Обычно заключенных отправляют в отделение сегрегации, если они склонны к крайнему насилию, но иногда – ради их же безопасности. Некоторые заключенные известны тем, что нарочно задирают охранников, чтобы «спрятаться» в отделении сегрегации, если хотят избегать общения, например, из-за бандитских разборок или долгов за наркотики.
Попав в отделение сегрегации, Стелла постоянно нажимала тревожную кнопку, но когда надзирательницы прибегали, она либо их игнорировала, либо кричала на них, либо требовала принести ей что-то заведомо запрещенное, например, бумагу и ручку. Это тоже виделось мне каким-то бессмысленным – бесцельным и беспорядочным.
Я говорил с коллегами из тюремной службы поддержки психического здоровья (это тюремный эквивалент больничной многопрофильной бригады), которая состояла из нескольких медсестер, многочисленных психологов и еще одного судебного психиатра. Кое-кто из персонала, кто работал в тюрьме до меня, и раньше имел сомнительное удовольствие присматривать за Стеллой. Они были убеждены, что она психически здорова и полностью контролирует свое поведение. Я начал сомневаться, поскольку состояние Стеллы ухудшилось. Она стала кричать еще чаще, и в ее голосе появились резкие, животные, нутряные ноты. Мыться она перестала окончательно и начала разбрасывать пищу по камере. Однако обследовать ее по-прежнему было почти невозможно. Ее поместили в камеру с дверью, открыть которую можно было только вдвоем, а следовательно, я видел Стеллу только через дюймовую щелку, причем по бокам от меня стояли две надзирательницы. Говорила она так тихо, что я едва слышал ее. Я был уверен, что она делает это нарочно, поскольку в других случаях мощность ее голосовых связок превосходила самые смелые ожидания.
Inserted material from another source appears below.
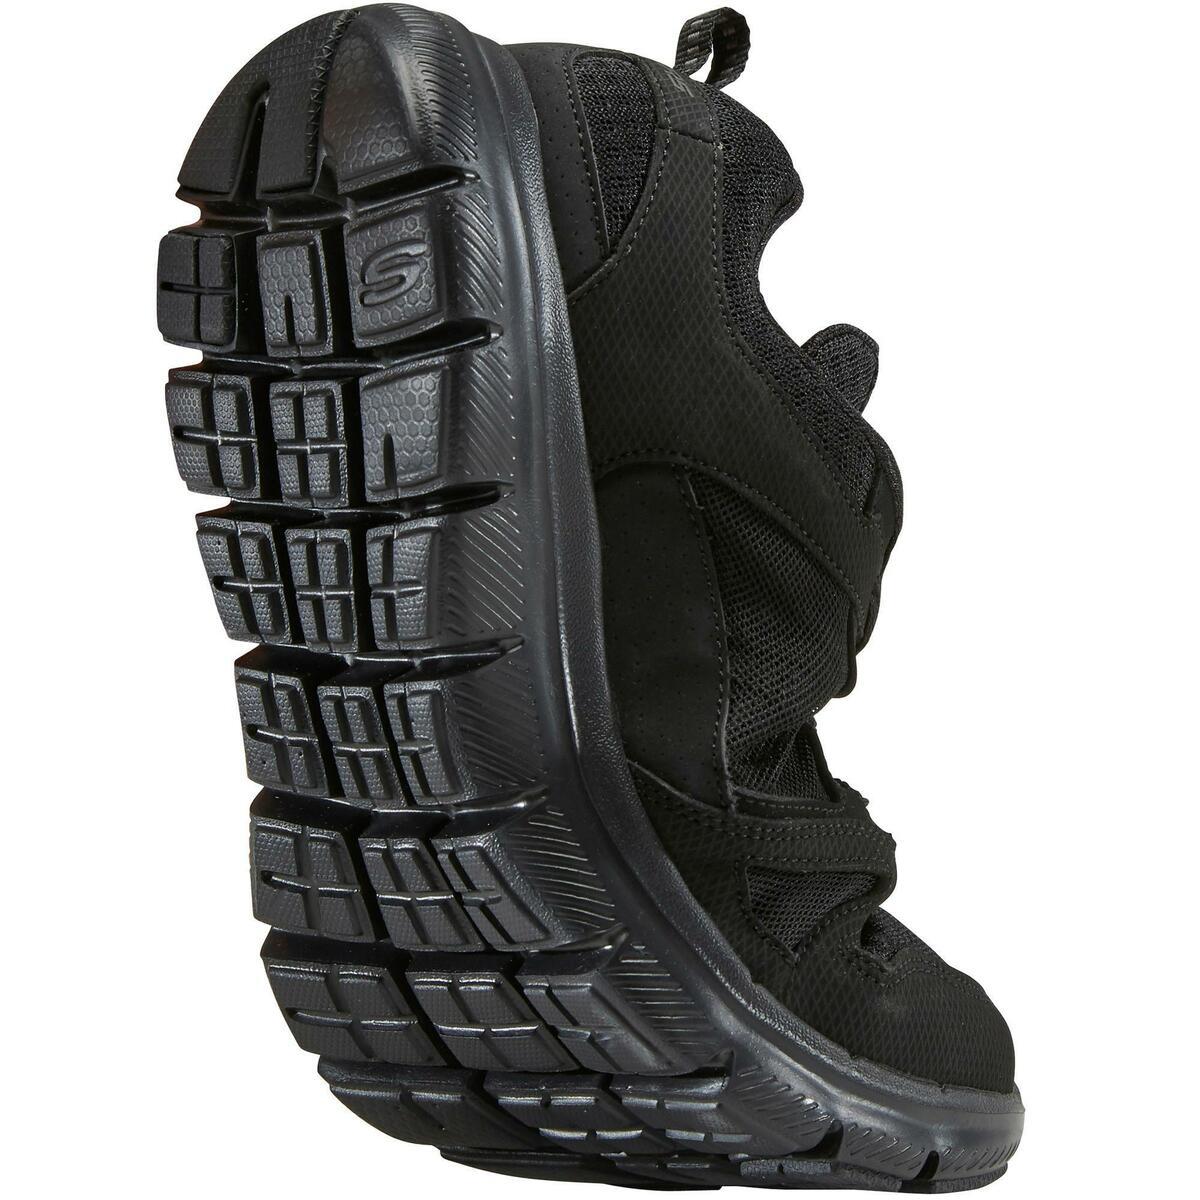 Bild 2 von Walkingschuhe Flex Dual Lite Damen schwarz

Мой детектор лапши на ушах так и зажужжал, когда Стелла изобразила, будто слышит голоса. Она вела полноценные разговоры с какой-то другой сущностью, причем как-то театрально и натянуто. Кроме того, это происходило, только когда она знала, что я где-то поблизости, а когда я наблюдал за ней украдкой – нет. С клинической точки зрения я был обескуражен. Ясно, что это была игра. И предостережения коллег, и якобы голоса, и избирательный шепот – все это указывало на то, что Стелла симулирует психическую болезнь. Но затем ее поведение деградировало еще сильнее. Через две недели в одиночном заключении она кричала уже беспрерывно – спала меньше двух часов в сутки, а остальное время визжала. Признаться, впечатление было сильное. В тех случаях, когда дети будили меня плачем или криками из-за страшных снов (а один раз спросили, не хочу ли я поиграть с ними в «Скраббл») – к счастью, это случалось все реже и реже, – я на следующий день был сущий зомби, даже если успевал поспать четыре-пять часов. Чувствовал я себя так, будто свалюсь без тройного эспрессо, а выглядел так, будто свалюсь без дефибриллятора. Я не мог даже представить себе, как Стелла выживает на двух часах сна неделями напролет.
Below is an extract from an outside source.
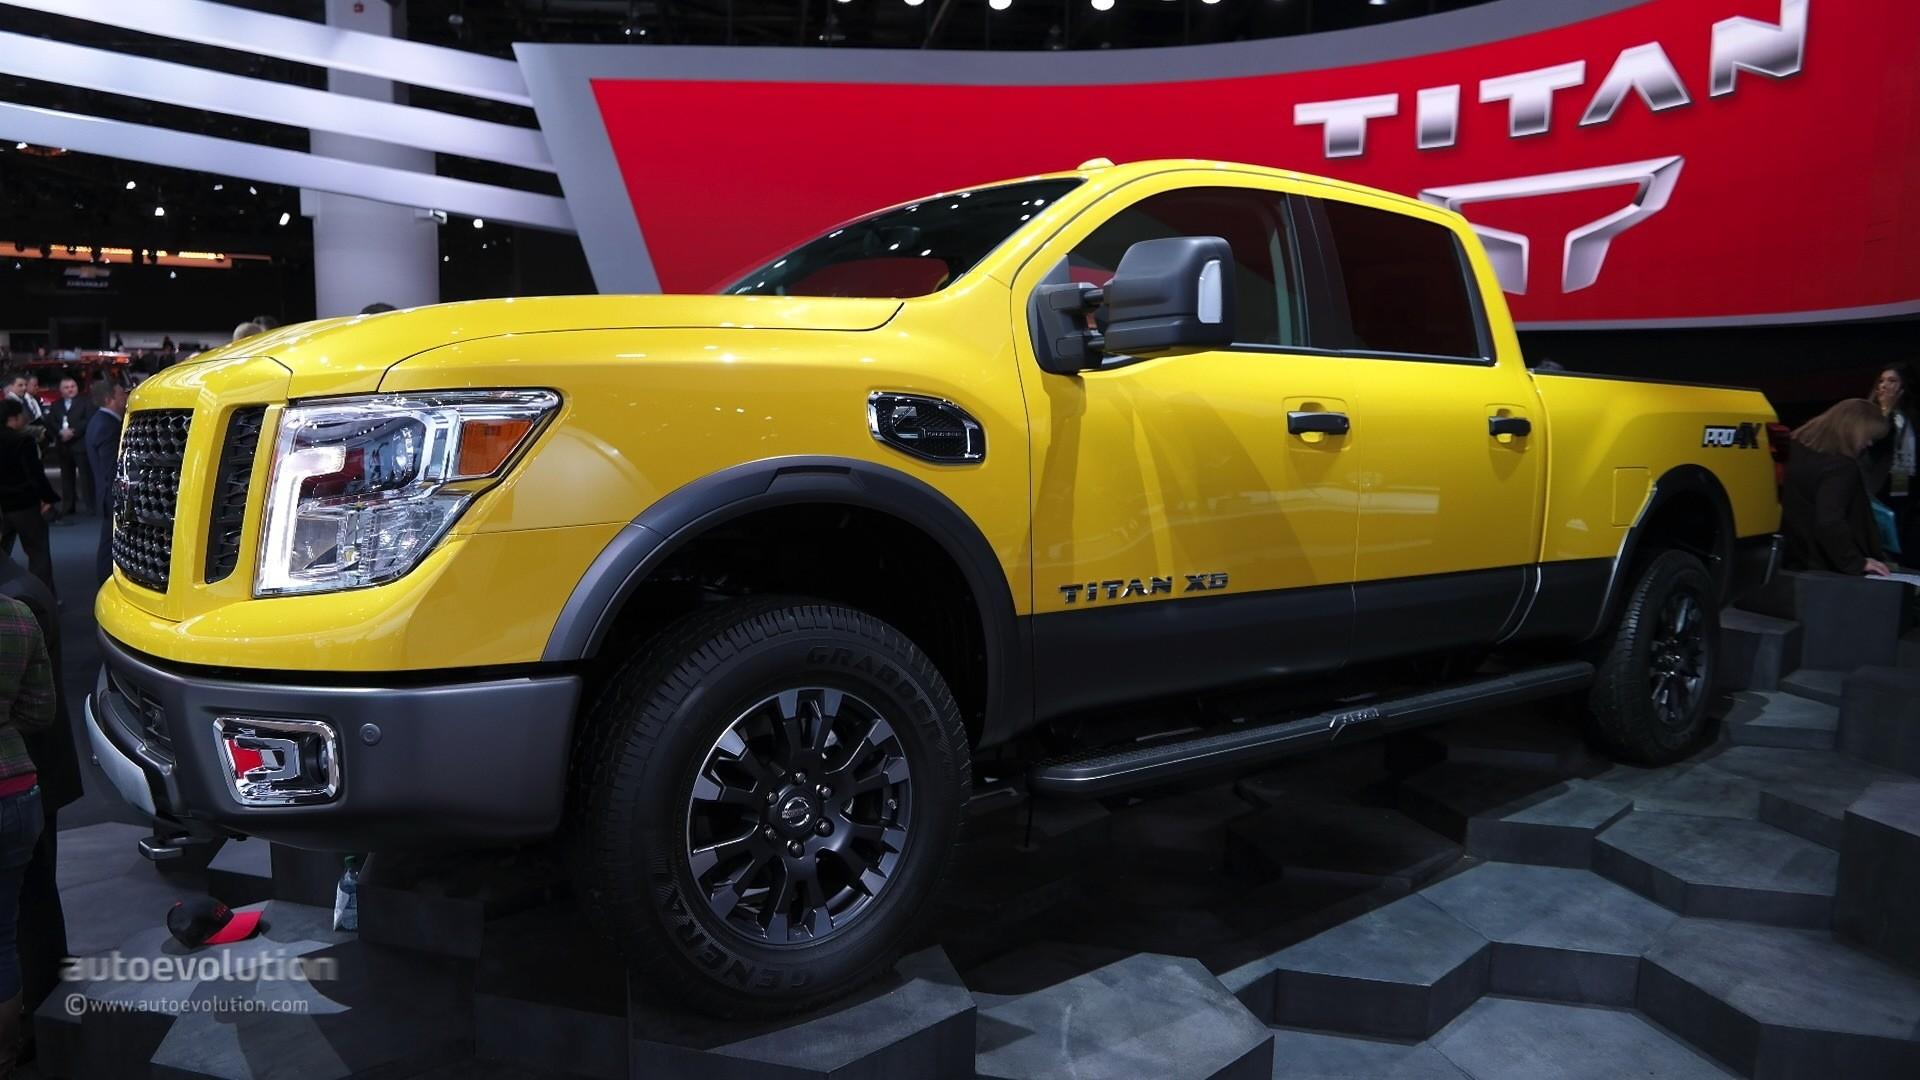 New 2016 Nissan Titan XD Cummins Light Duty Truck Has Heavy Duty Attitude     Nissan

– Мерзавцы! Вам не взять меня живой!
– Нельзя, чтобы мой малыш видел меня такой!
– Я не скажу ему ничего такого, чего он сам не знает!
Примерно такие бессмысленные фразы она и повторяла, иногда часами, иногда переходят на мелодичное пение.
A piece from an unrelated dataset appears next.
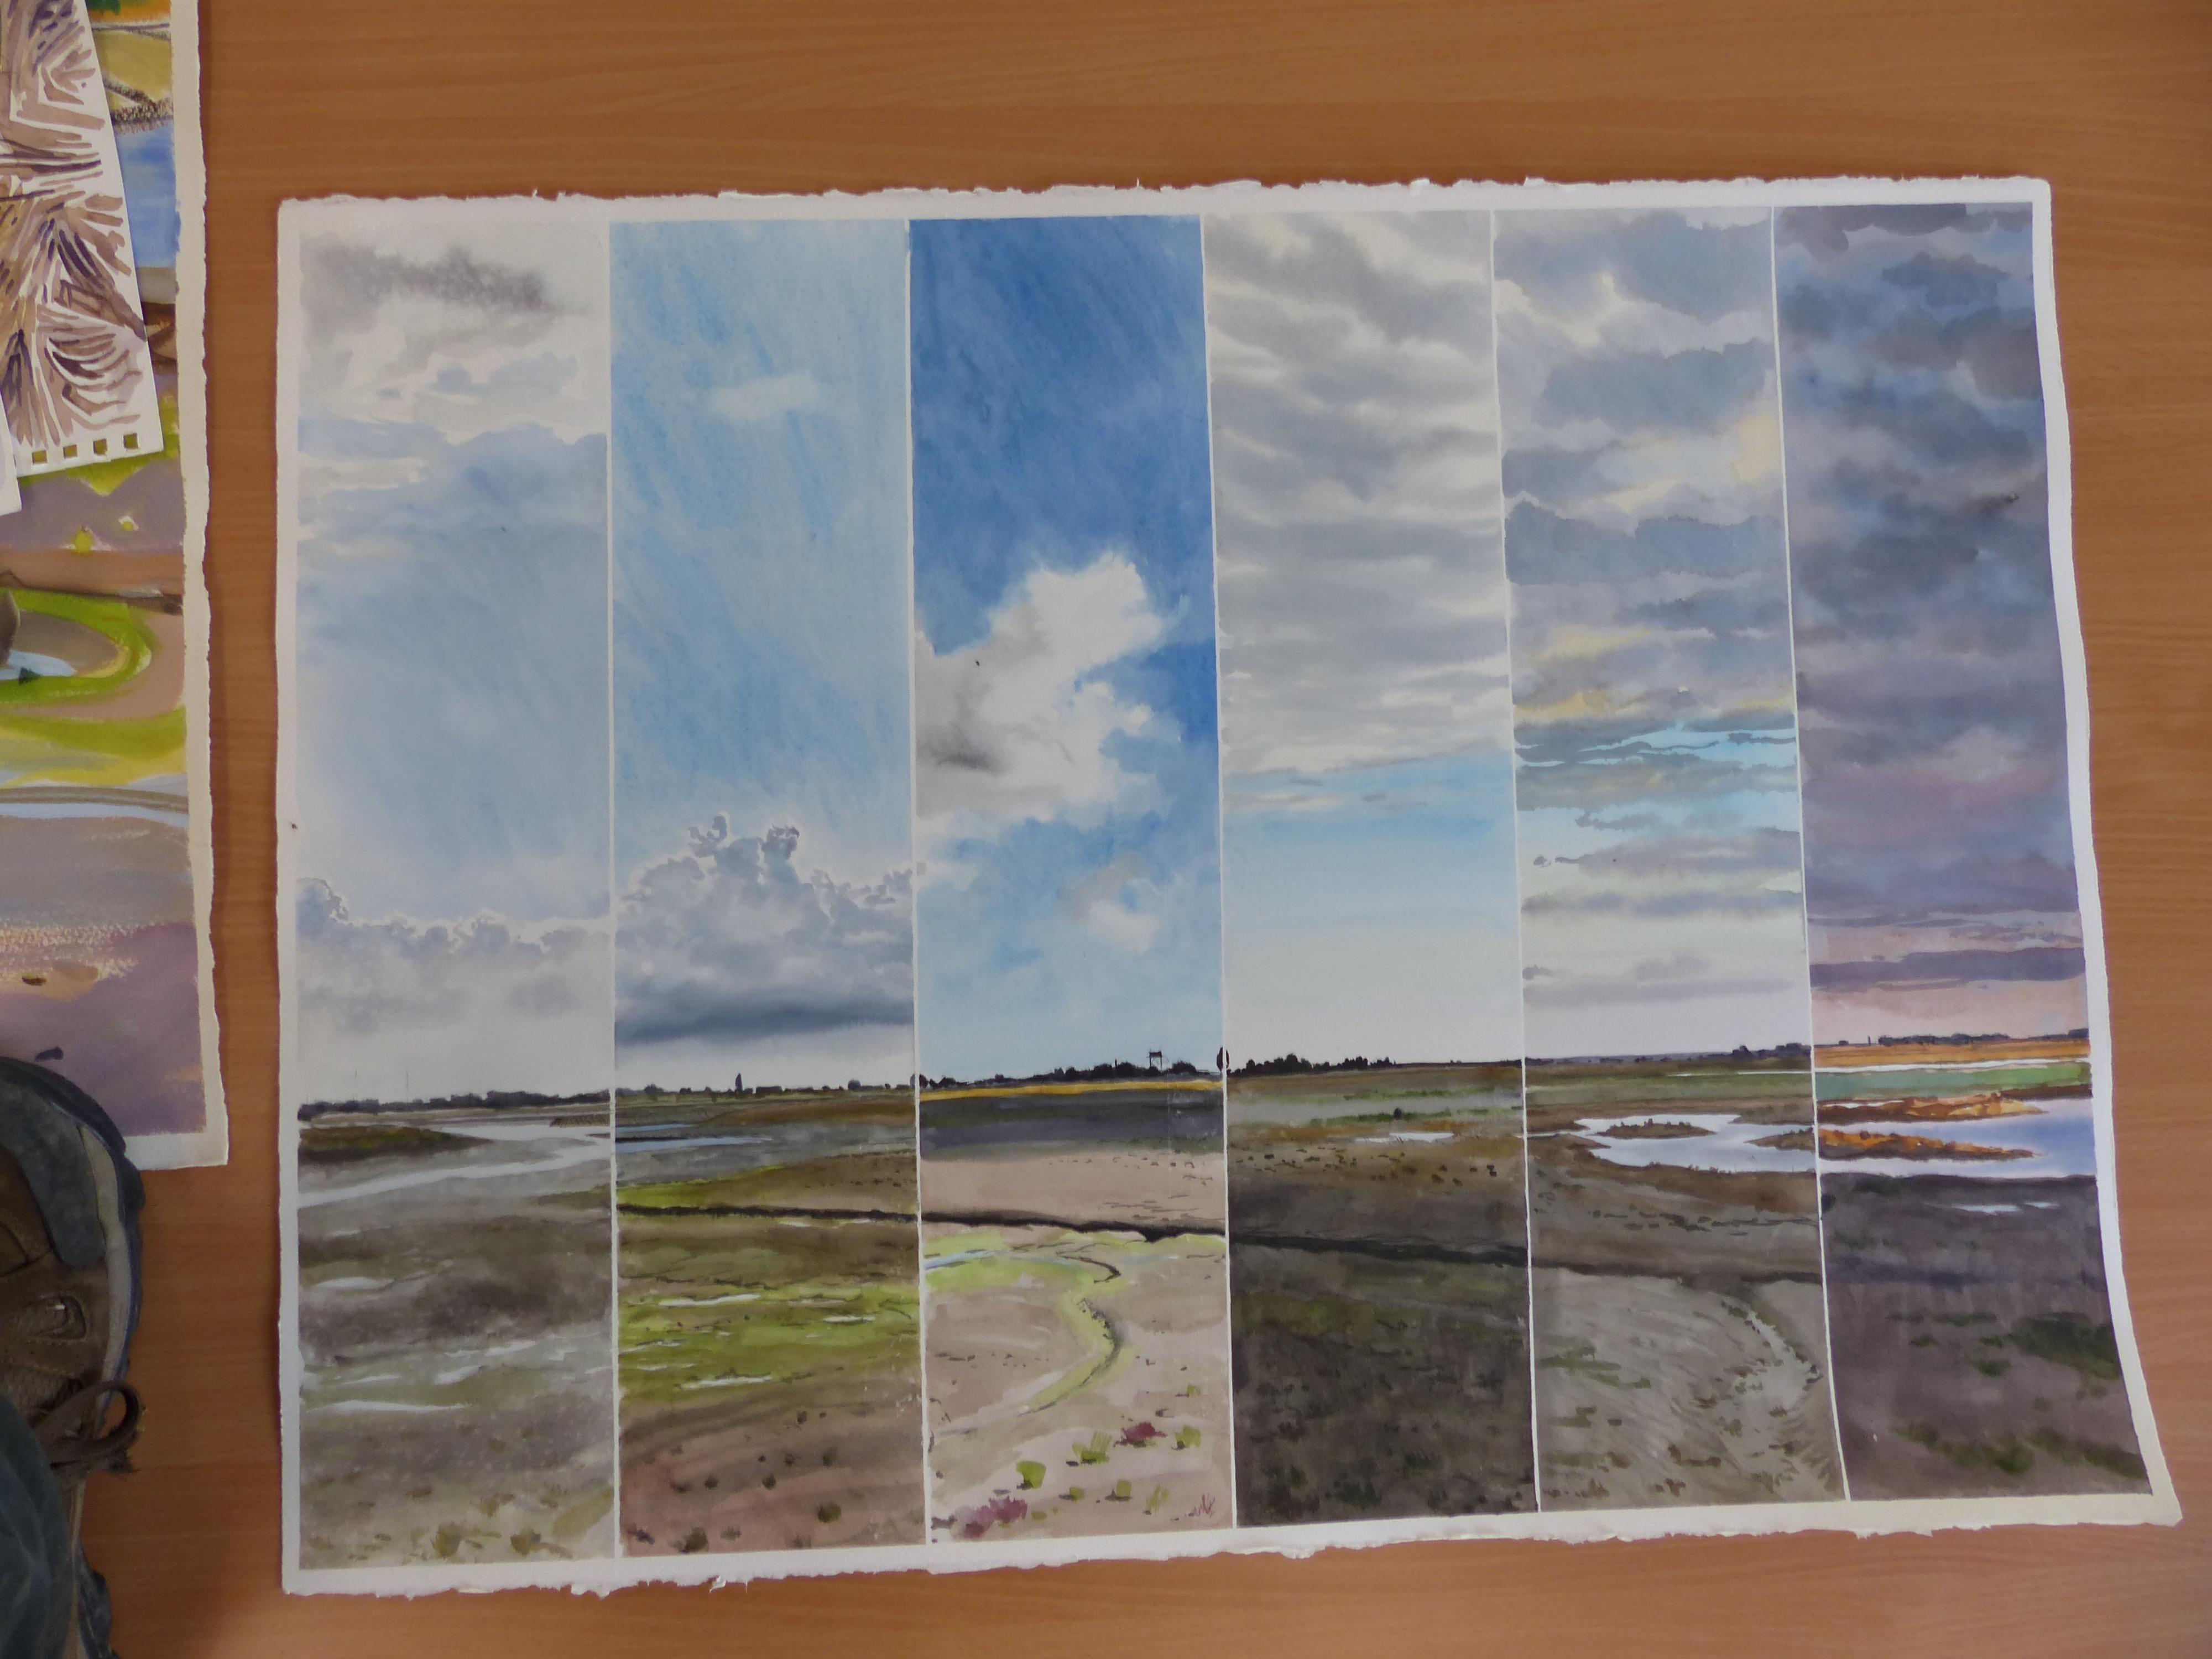 <p>Timed landscape by Ben Woodhams</p>

А еще Стелла начала мазать камеру фекалиями. Мало того, что это очень плохой фэн-шуй, – это еще и классический признак, что у кого-то, по выражению Шантель, чердак малость протекает. Не может же быть такого, что она контролировала и это поведение тоже! А если да, напрашивался вопрос: почему она это делает? Когда люди манипулируют окружающими, у них всегда есть какая-то цель. А Стелла, похоже, с полным безразличием относилась к тому, что ее поместят в больницу, и в целом ее поведение почти всегда казалось совершенно бессмысленным. В конце концов я сдался и прописал ей антипсихотик оланзапин – принимать каждый вечер – отчасти по результатам клинической оценки, отчасти просто от отчаяния. Таблетки Стелла принимала, но, похоже, они на нее не действовали. Раза два, когда Стелла случайно пропускала прием из-за пересменки персонала, она не напоминала о нем – то есть это поведение явно не было нацелено на то, чтобы раздобыть лекарства.
В следующие две недели вопли Стеллы стали еще более ушераздирающими. Я перевел ее в тюремную больницу, чтобы там за ней наблюдали медсестры. Само по себе это стало эпической битвой, поскольку персонал отделения сегрегации считал, что ее следует наказать, сотрудники больницы считали, что это пустая трата их и без того скудных ресурсов, а коллеги твердили, что Стелла притворяется. Лекарства совершенно не повлияли на нее, а это указывало, что психической болезни у нее нет.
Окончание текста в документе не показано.